CITY OF ASHES

Clary said, “Simon, don’t—”

“At least I’m not wasting my time standing here flirting while we don’t know what’s happened to Luke.” He gestured for her to move aside from the door.

Jace’s lips thinned. “We’ll all go.” To Clary’s surprise he jerked a seraph blade out of his belt and handed it to her. “Take it.”

“What’s its name?” she asked, moving away from the door.

“Nakir.”

Clary had left her jacket in the kitchen, and the cold air sheeting off the East River cut through her thin shirt the moment she stepped out onto the dark porch. “Luke?” she called. “Luke!”

The truck was pulled up in the driveway, one of the doors hanging open. The roof light was on, shedding a faint glow. Jace frowned. “The keys are in the ignition. The car’s idling.”

Simon shut the front door behind them. “How do you know that?”

“I can hear it.” Jace looked at Simon speculatively. “And so could you if you tried, bloodsucker.” He loped down the stairs, a faint chuckle drifting behind him on the wind.

“I think I liked ‘mundane’ better than ‘bloodsucker,’” Simon muttered.

“With Jace, you don’t really get to choose your insulting nickname.” Clary felt in her jeans pocket until her fingers encountered cool, smooth stone. She raised the witchlight in her hand, its glow raying out between her fingers like the light of a tiny sun. “Come on.”

Jace had been right; the truck was idling. Clary smelled the exhaust as they approached, her heart sinking. Luke would never have left the car door open and the keys in the ignition like that unless something had happened.

Jace was circling the truck, frowning. “Bring that witchlight closer.” He knelt down in the grass, running his fingers lightly over it. From an inner pocket he drew an object Clary recognized: a smooth piece of metal, engraved all over with delicate runes. A Sensor. Jace ran it over the grass and it obliged with a series of loud clicking noises, like a Geiger counter gone berserk. “Definite demonic action. I’m picking up heavy traces.”
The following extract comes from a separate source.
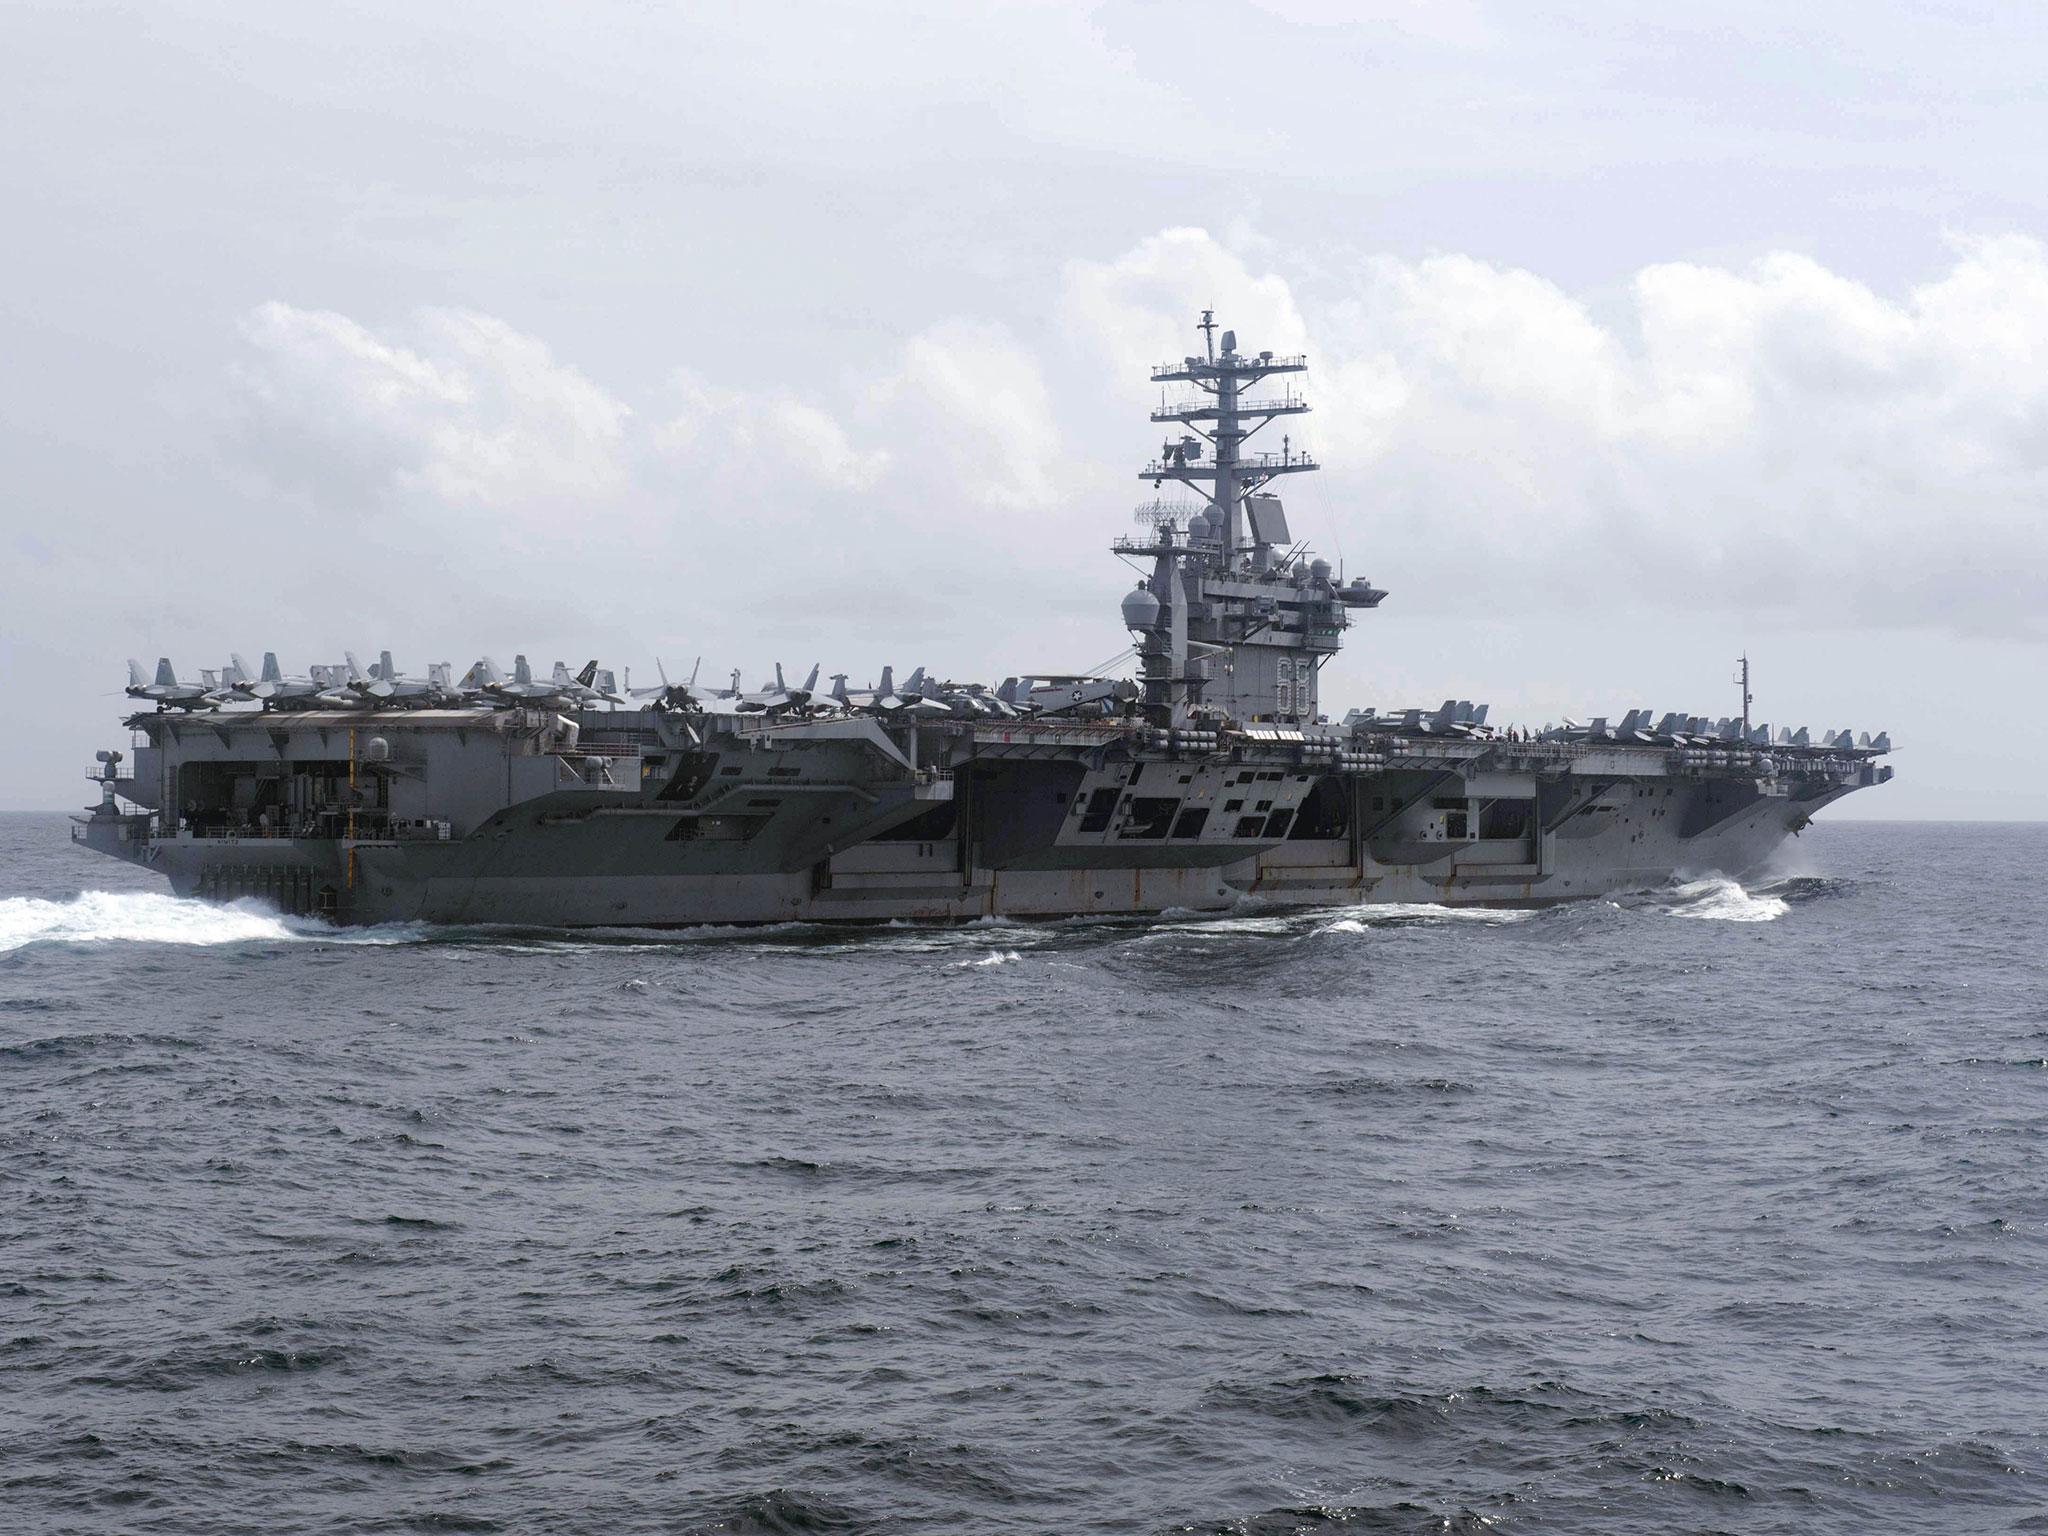 Iranian state media said the USS Nimitz sailed near to an Iranian offshore oil platform

“Could that be left over from the demon who attacked Maia?” Simon asked.

“The levels are too high. There’s been more than one demon here tonight.” Jace rose to his feet, all business. “Maybe you two should go back inside. Send Alec out here. He’s dealt with this sort of thing before.”

“Jace—” Clary was furious all over again. She broke off as something caught her eye. It was a flicker of movement, across the street, down by the cement rock-strewn bank of the East River. There was something about the movement—an angle as a gesture caught the light, something too quick, too elongated to be human…
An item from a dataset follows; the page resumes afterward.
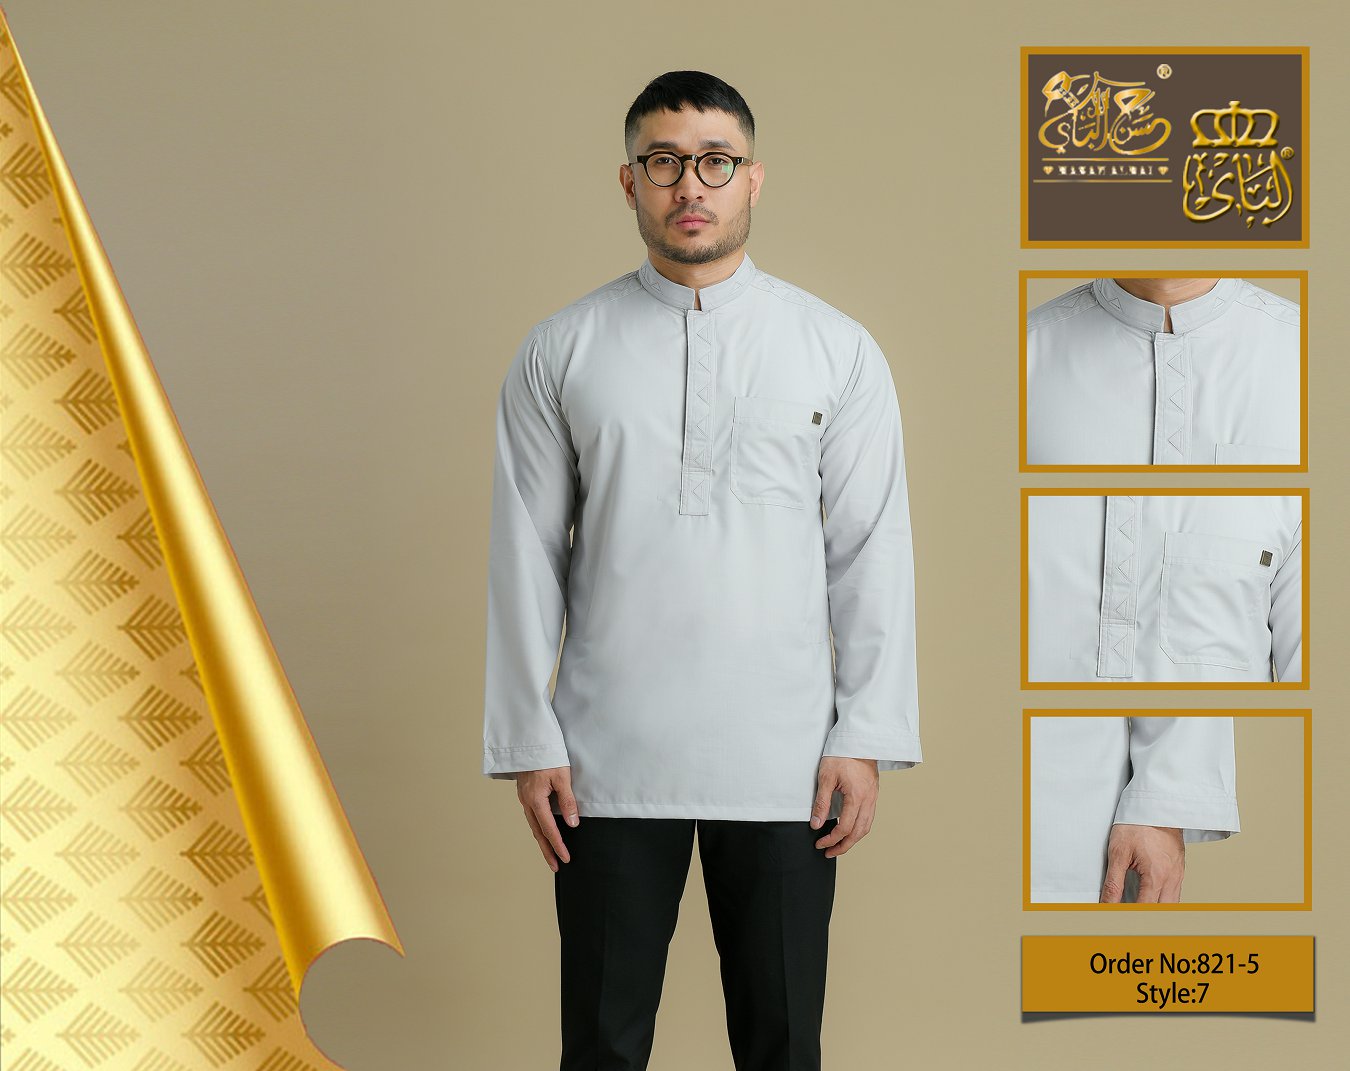 Malay clothing28

Clary flung an arm out, pointing. “Look! By the water!”

Jace’s gaze followed hers and he sucked in his breath. Then he was running, and they were running after him, over the asphalt of Kent Street and onto the scrubby grass that bordered the waterfront. The witchlight swung in Clary’s hand as she ran, lighting bits of the riverbank with haphazard illumination: a patch of weeds there, a jut of broken concrete that nearly tripped her up, a heap of trash and broken glass—and then, as they came in clear sight of the lapping water, the crumpled figure of a man.

It was Luke—Clary saw that instantly, though the two dark, humped shapes crouching over him blocked his face from her view. He was on his back, so close to the water that she wondered for a panicked moment if the hunched creatures were holding him under, trying to drown him. Then they drew back, hissing through perfectly circular lipless mouths, and she saw that his head was resting on the gravelly riverbank. His face was slack and gray.
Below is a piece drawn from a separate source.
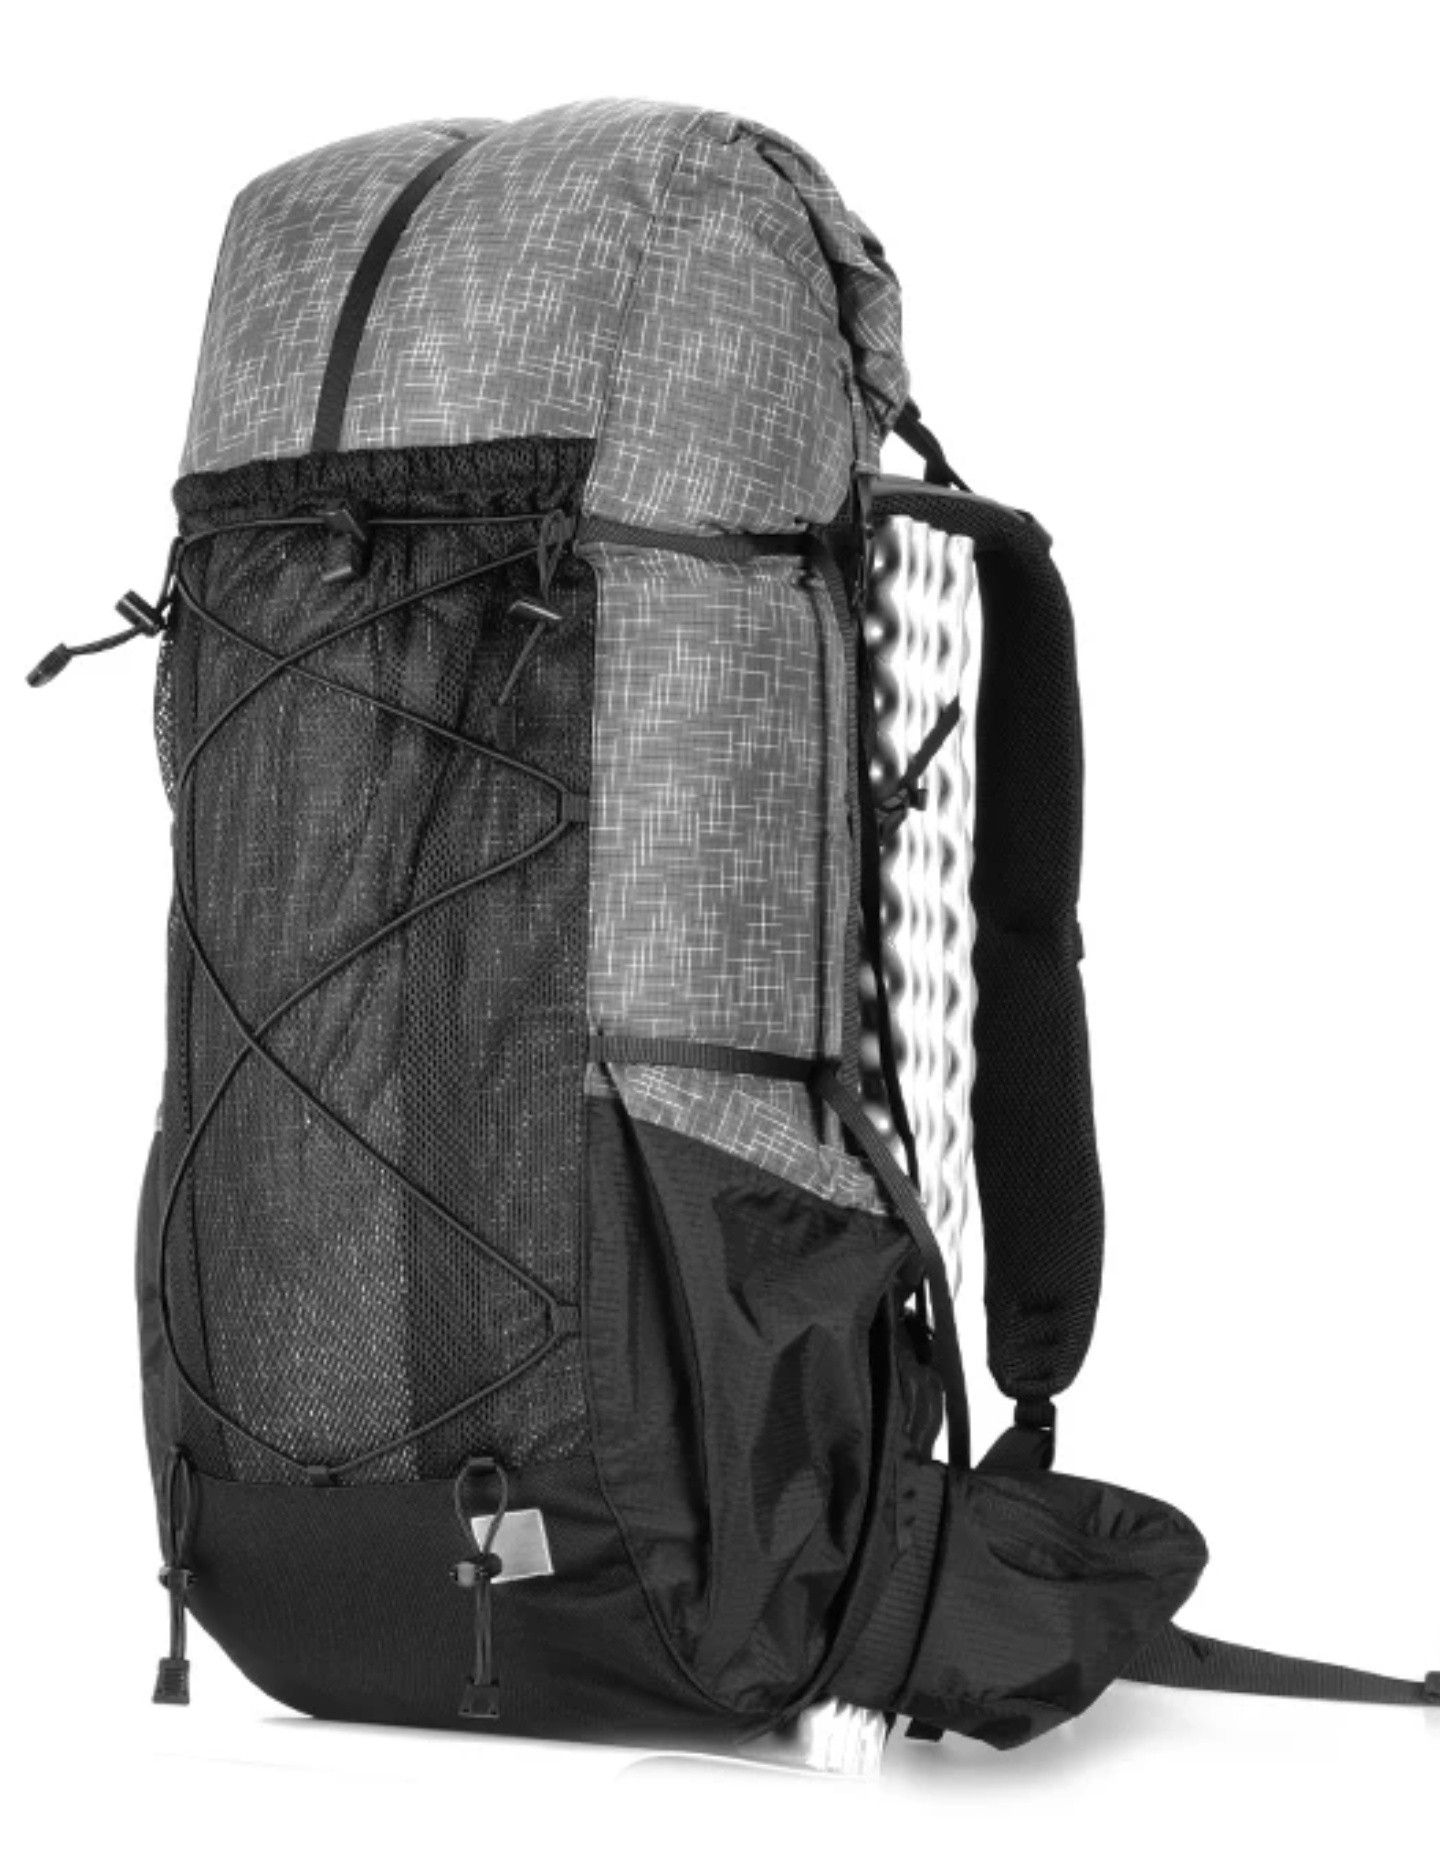 Ultralight Frameless Hiking Backpacking Backpack - Water Resistant - 56L

“Raum demons,” Jace whispered.

Simon’s eyes were wide. “Are those the same things that attacked Maia—?”

“No. These are much worse.” Jace gestured at Simon and Clary to get behind him. “You two, stay back.” He raised his seraph blade. “Israfiel!” he cried, and there was a sudden hot burst of light as it blazed up. Jace leaped forward, sweeping his weapon at the nearest of the demons. In the light of the seraph blade, the demon’s appearance was unpleasantly visible: dead-white, scaled skin, a black hole for a mouth, bulging, toadlike eyes, and arms that ended in tentacles where hands should have been. It lashed out now with those tentacles, whipping them toward Jace with incredible speed.